Dalam artikel kuno dari publikasi yang tidak disebutkan namanya, yang diposting di grup Facebook The Legacy of Gunsmoke, penulis mencatat bahwa makanan di acara itu tidak hanya asli tetapi juga sangat enak — sedemikian rupa sehingga para pemerannya harus berhati-hati agar berat badannya tidak bertambah setiap musim. Arness khususnya memiliki nafsu makan yang luar biasa, menurut pencipta prop “Gunsmoke” Clem Widrig, “Di lokasi saya melihat Jim menghabiskan tiga steak saat makan siang, lalu masuk ke adegan di mana dia seharusnya makan sup dan membersihkan tiga piring besar.”
Sementara itu, semua bir yang diminum di saloon Long Branch Kota Dodge juga asli, karena tidak mungkin menemukan bir lain yang menghasilkan busa bir draft yang jelas. Namun, menurut majalah True West, wiski yang terlihat di ‘Gunsmoke’ adalah teh atau air berwarna.
Rebusan di ‘Gunsmoke’ adalah masakan rumahan yang otentik
Hidangan panggang seperti iga, daging sapi, dan kelinci panggang yang terlihat di “Gunsmoke” bersumber dari kafe Hollywood yang khusus menyajikan makanan tersebut, tetapi jika menyangkut sup, tidak ada yang bisa menggantikan masakan rumahan. Berbagai jenis sup ada di antara makanan api unggun yang membangun Amerika Barat, dan semua sup di “Gunsmoke” disiapkan oleh istri Clem Widrig, Ruth, yang resepnya membutuhkan 10 pon daging sapi yang dimasak dalam ketel pengalengan, bersama dengan tiga ikat wortel, selusin kentang, dua ikat parsnip, satu ikat seledri, satu umbi bawang putih, berbagai bumbu, dan sebotol anggur Burgundy. Kabarnya, antara “para pemain dan kru, tidak pernah ada yang tersisa.” Jika pemikiran ini membuat Anda mengeluarkan air liur, kami tidak dapat mengklaim bahwa ini cocok dengan Ruth Widrig’s, tetapi Anda mungkin ingin melihat resep kami sendiri untuk sup daging sapi kuno.

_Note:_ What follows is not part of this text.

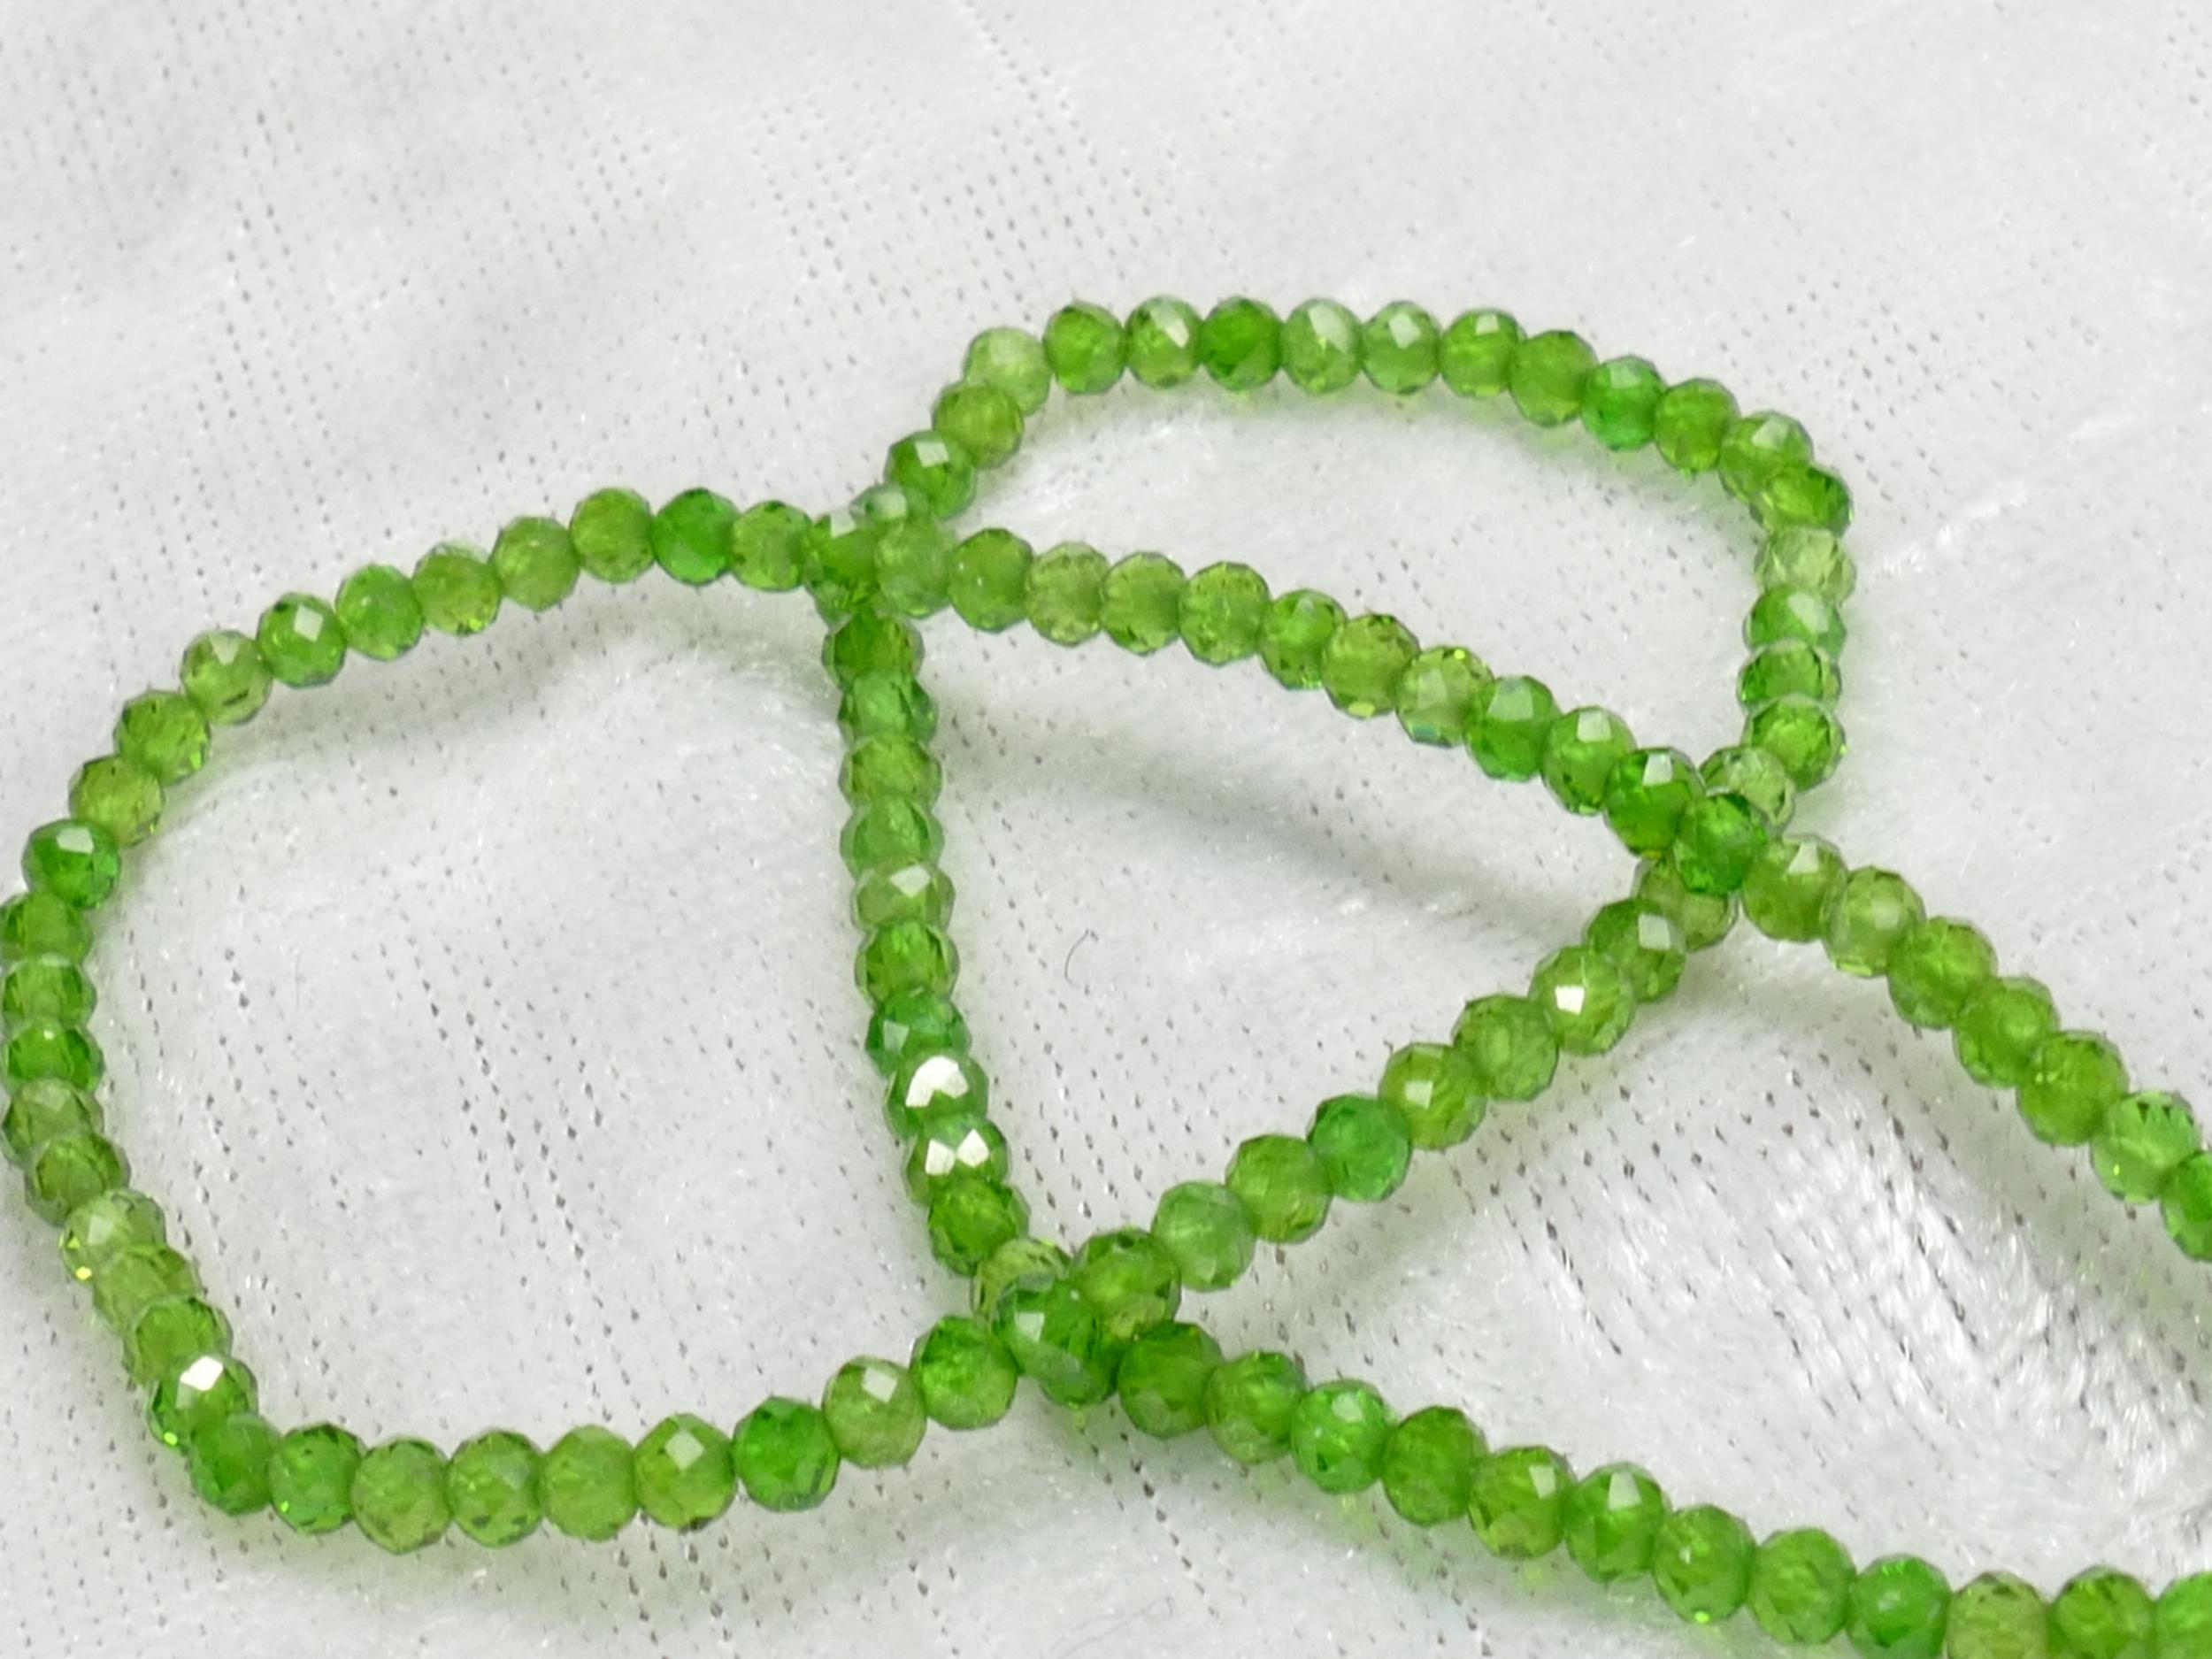 AA/AAA 2.5mm Petites perles de Diopside chromifère naturel en micro rondelle facettée x5cm (2 inch) (#AC1070)

Makanan juga berperan dalam beberapa lelucon praktis. Buck Taylor, yang berperan sebagai pembuat senjata Newly O’Brien di “Gunsmoke” dan mungkin lebih dikenal oleh pemirsa modern sebagai Emmett Walsh di “Yellowstone,” mengenang dalam sebuah wawancara dengan DeSoto Times-Tribune bahwa saat Taylor ditembak dari jarak dekat, James Arness yang nakal bertanggung jawab untuk mengeluarkan sebatang es krim dari belakang punggungnya dan mulai memakannya. “Saya harus serius dan mengatakan sesuatu seperti ‘Marsekal, ada perkelahian di Cabang Panjang!’ Dan dia di sana sedang makan es krim. Dia membuatku tertawa terbahak-bahak.”